Below are records with pictures in them. Transcribe everything from the line containing "207/23-25 Rosebery Avenue, Rosebery" down to the line containing "Worek Pingwiny z", exactly, and leave the pictures behind.

The records >>

───

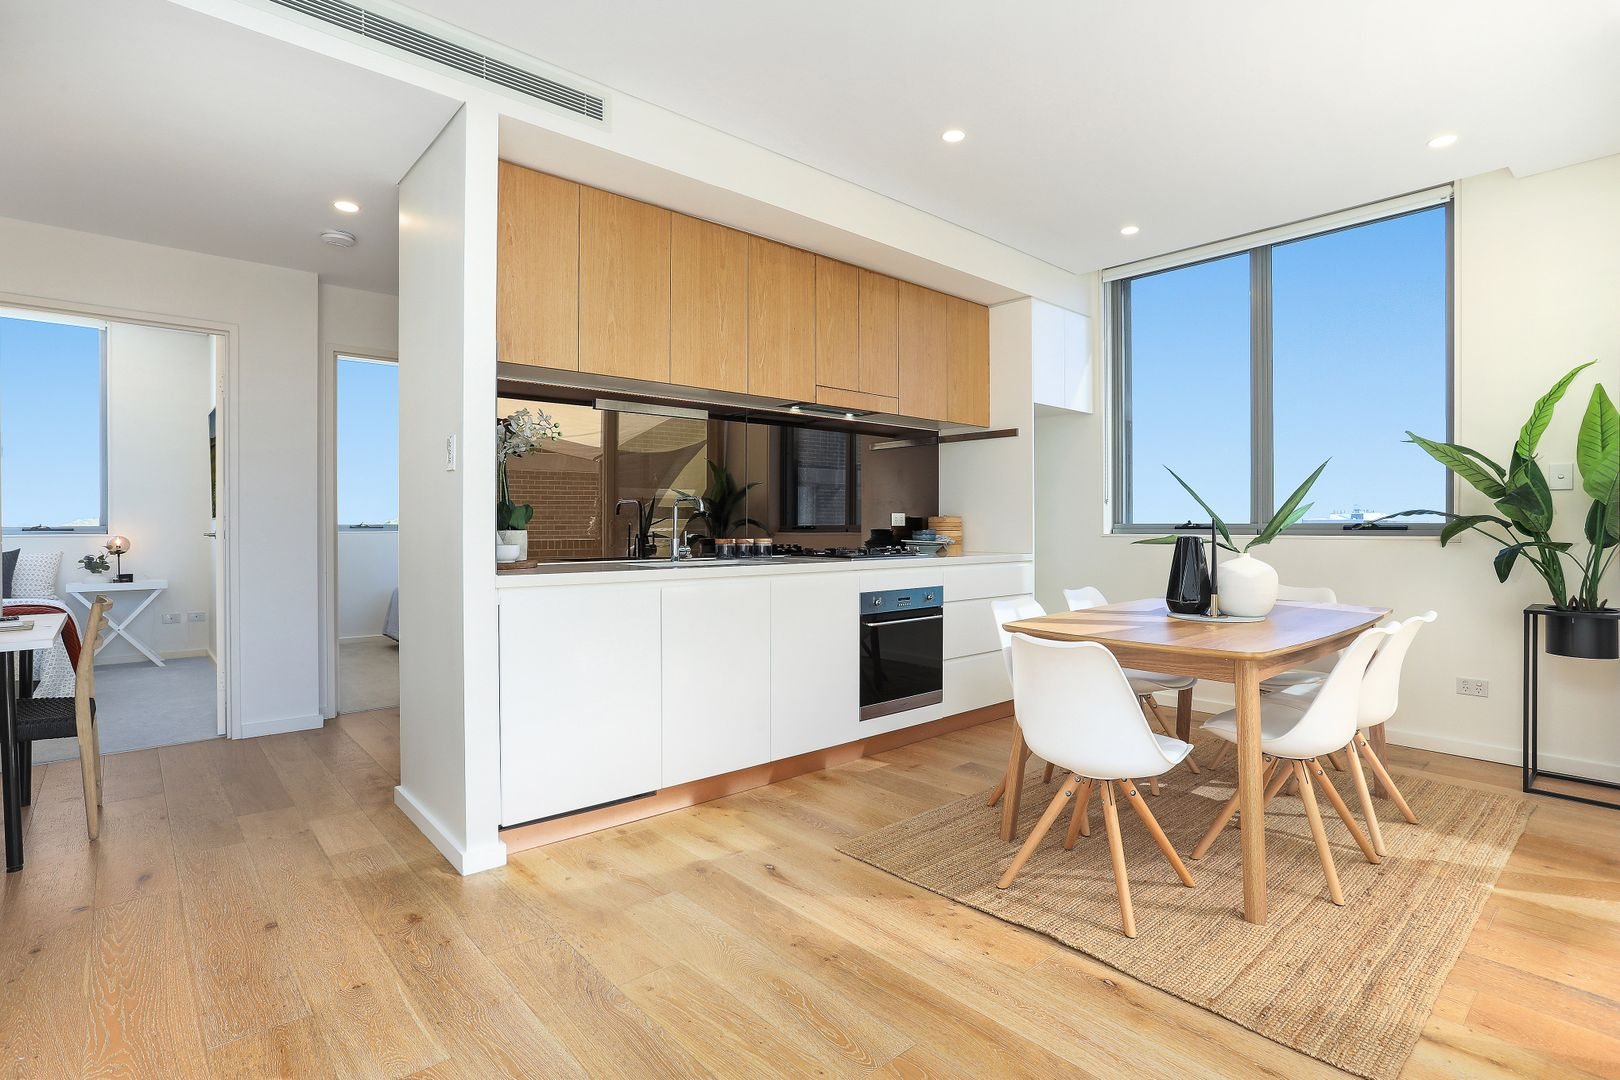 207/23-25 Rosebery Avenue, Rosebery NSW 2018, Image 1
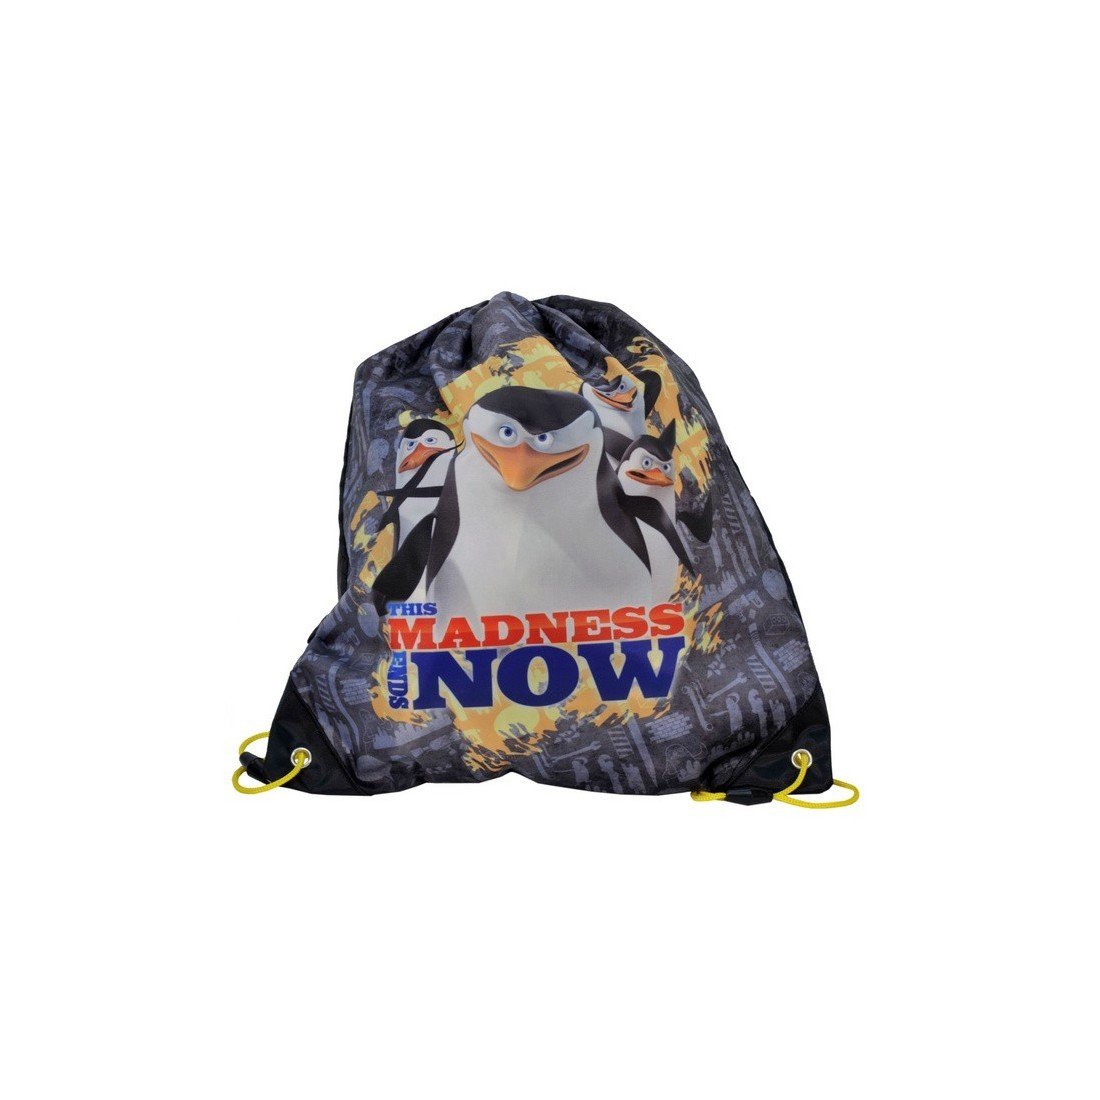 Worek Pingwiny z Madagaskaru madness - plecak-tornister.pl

───

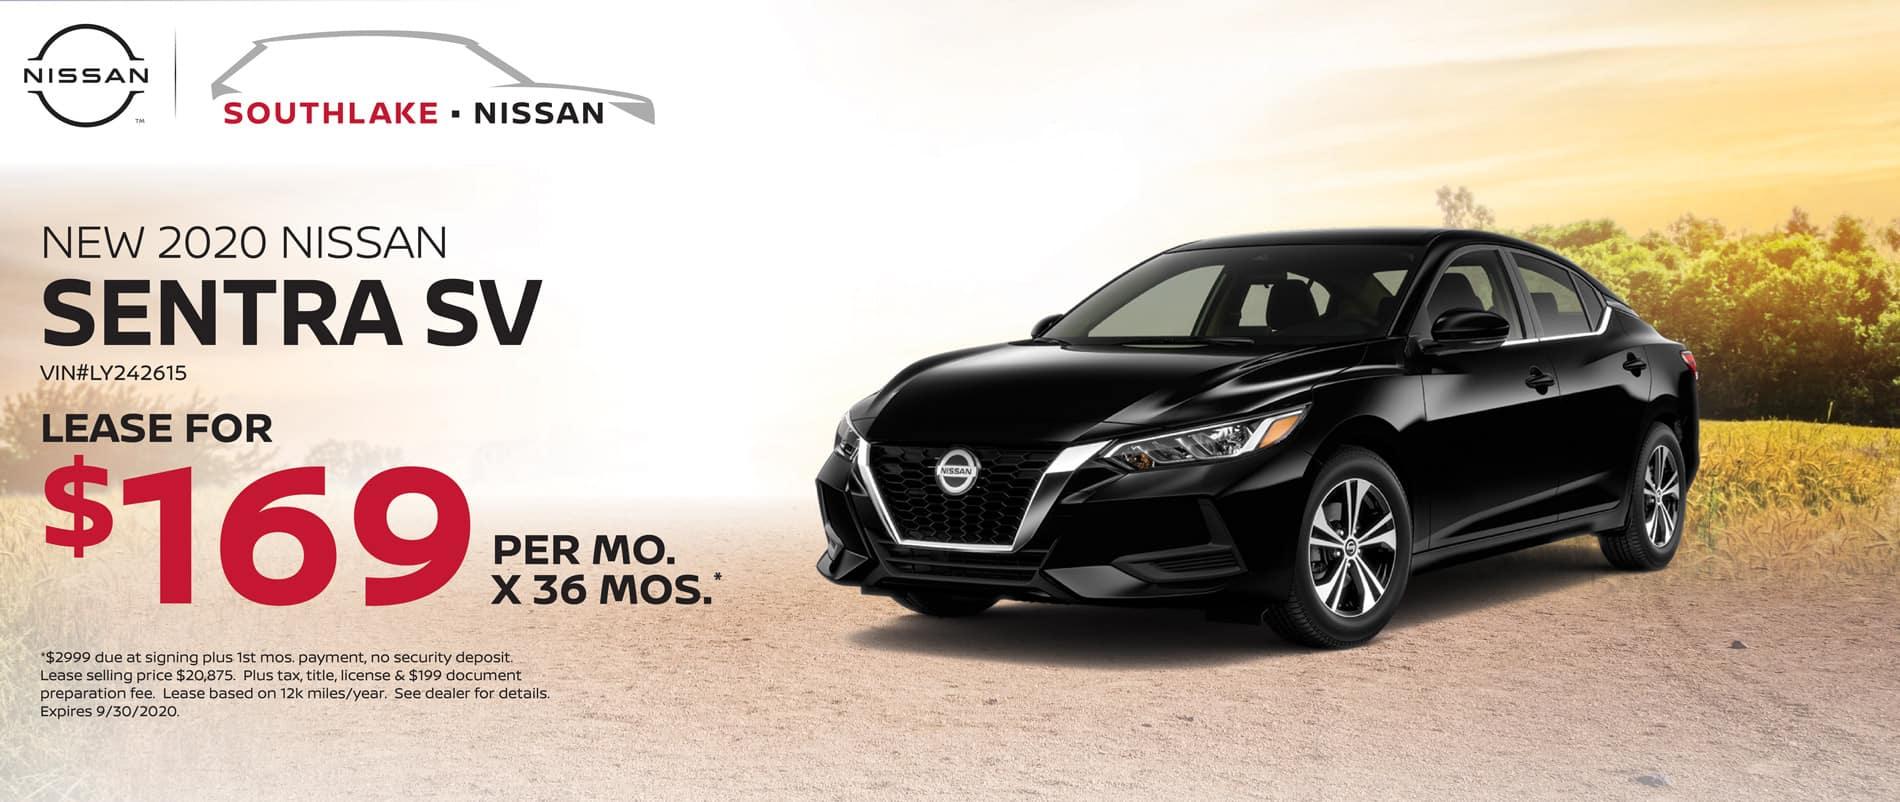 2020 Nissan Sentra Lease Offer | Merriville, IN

───

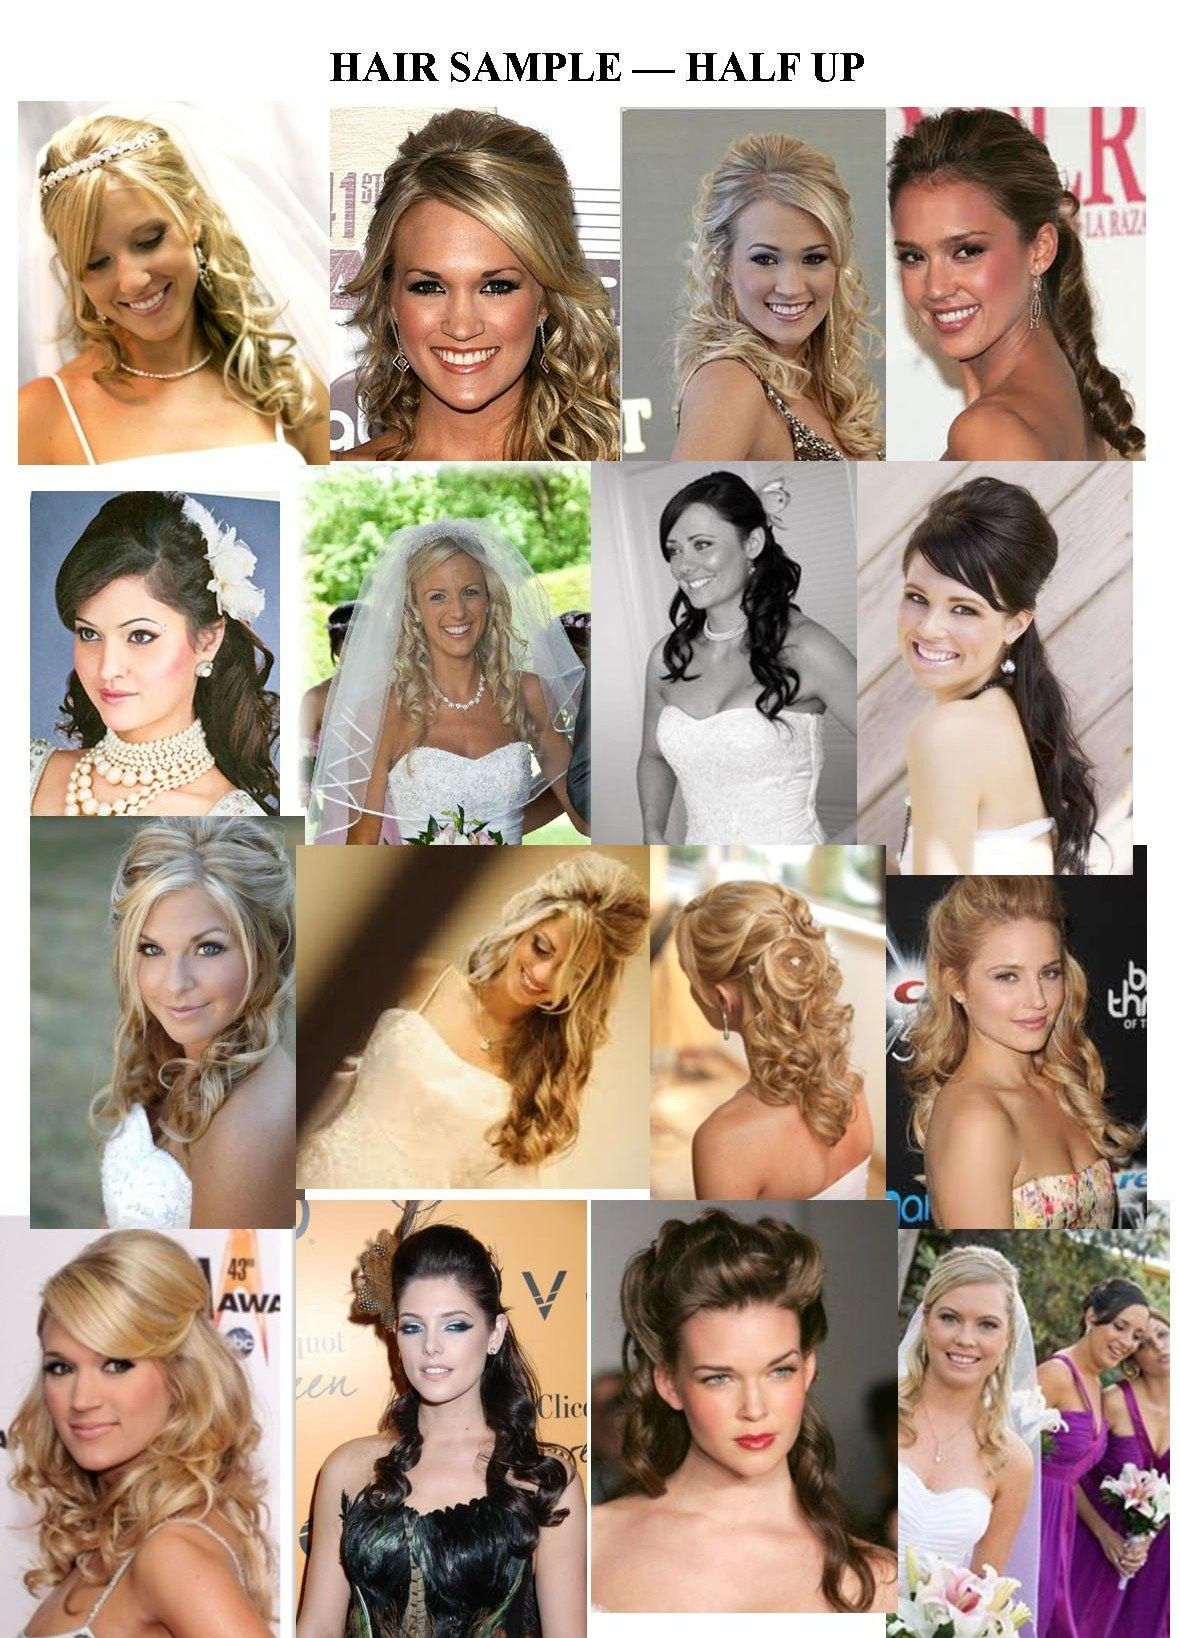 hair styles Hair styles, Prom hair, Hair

───

Finished task >>
 207/23-25 Rosebery Avenue, Rosebery NSW 2018, Image 1
 Worek Pingwiny z Madagaskaru madness - plecak-tornister.pl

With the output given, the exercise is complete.